Огороды Римши и Лапинасов лежали рядышком — на задах. Земля обоих одинаково плодородна, унавожена. Но сотки мельника были на пригорке, а Лукасовы — в ложбинке, которая по весне позднее просыхала, и не всегда можно было вовремя выйти в поле. Мокрым летом здесь и картошка подгнивала и свекла уходила в ботву.
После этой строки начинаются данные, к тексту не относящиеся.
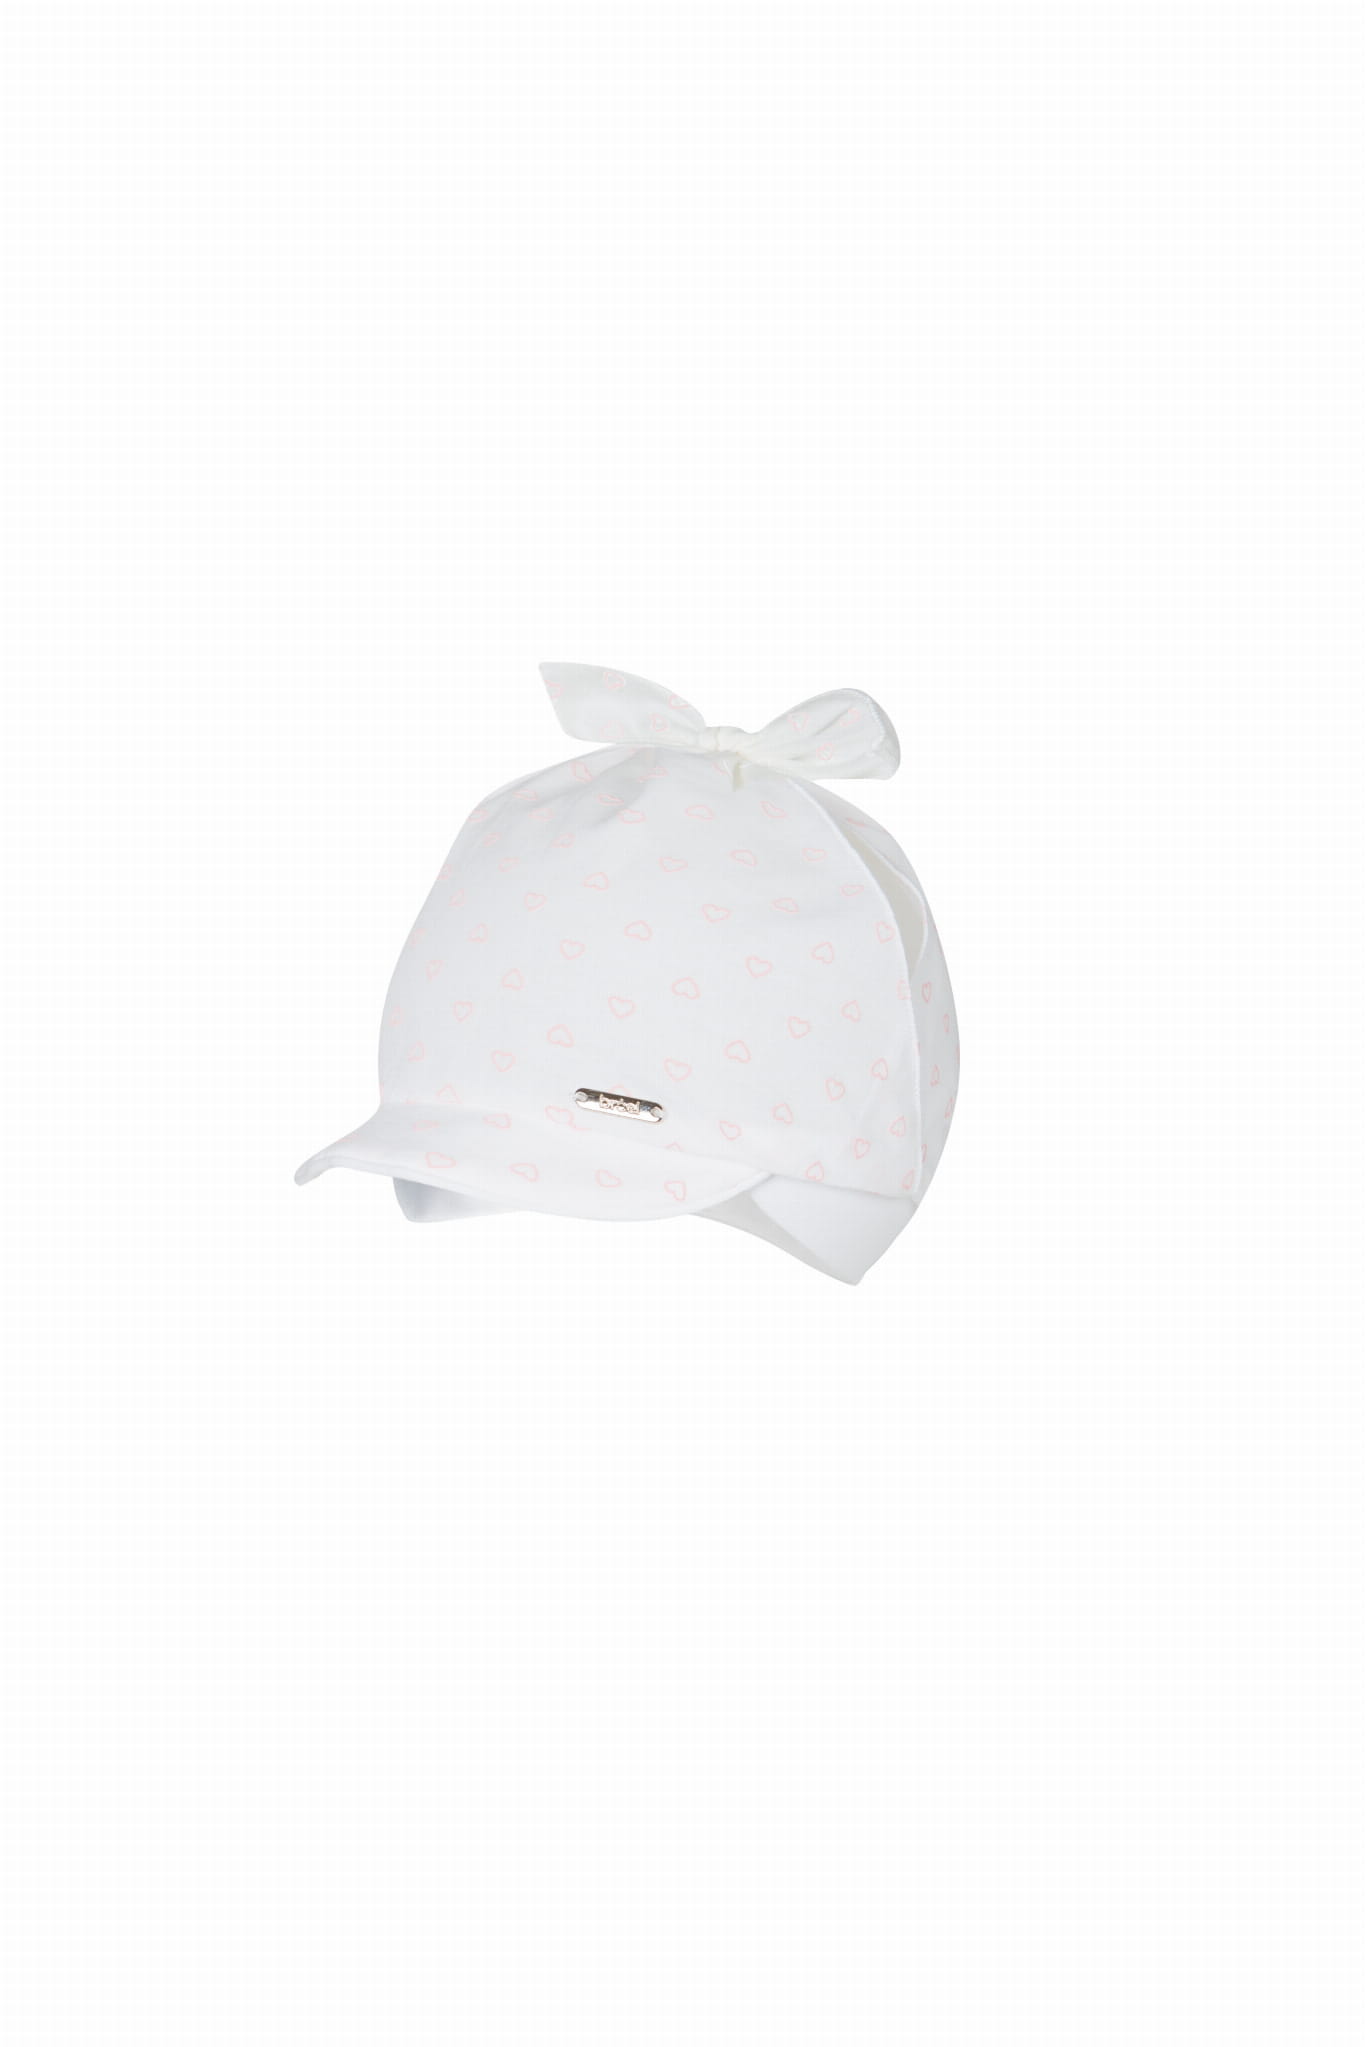 Dievčenská čiapka BROEL FLAVIA biela s ružovým srdiečkom

Римша сокрушался, что послушался уговоров Мотеюса и поменялся огородами. Стонал и Лапинас, ругал свою горку — земля-то потрескавшаяся, сорняков-де много, влаги-де вечно не хватает, — но в душе был рад обмену. Это разноземье было ему на руку: пока ложбина просыхала, Римши находили время, чтоб обработать и засадить огород Лапинаса. Вот и сейчас на Лукасовых сотках земля еще липнет к сапогам, а пригорок Лапинаса уже взрыхлен, вспушен как перина и ждет семян.
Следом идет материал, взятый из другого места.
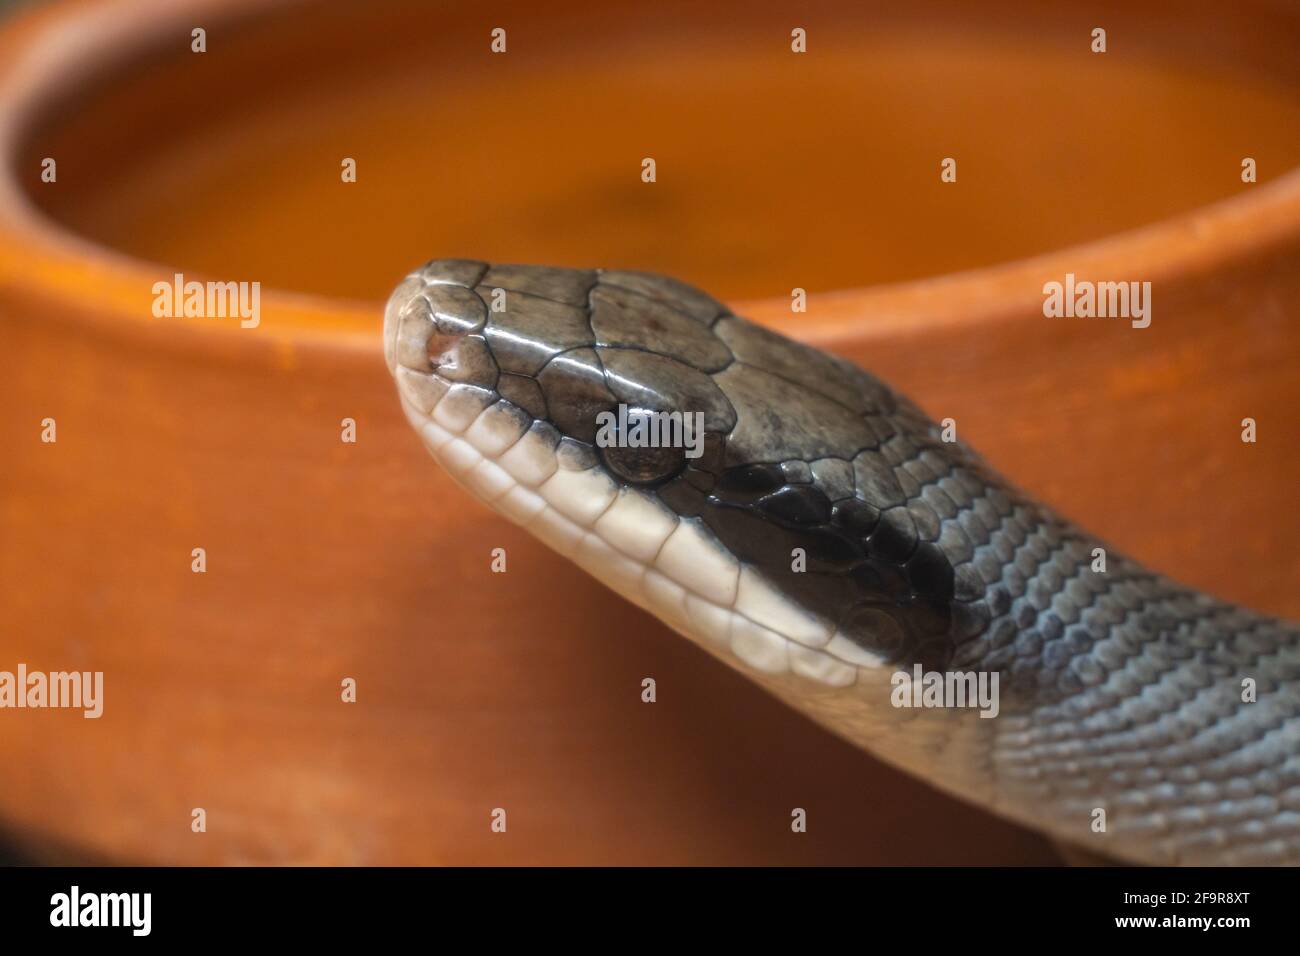 Gros plan tête de serpent sur le fond d'un pot d'argile dans la nature Banque D'Images

Мотеюс еще издали увидел на своих сотках Морту. Двухзубые вилы сновали в ловких руках ее как челнок. Куски навоза взлетали из-под ног, словно вспугнутые охотником птицы, и снова падали наземь, гладко устилая своими рыжими растерзанными лохмами взрыхленную землю. Морта была простоволоса, босиком. Толстенная, длинная до пояса коса бултыхалась на спине, словно спелый початок кукурузы. Легкий весенний ветерок дергал перкалевое залатанное платьице, которое село от стирки и едва закрывало колени.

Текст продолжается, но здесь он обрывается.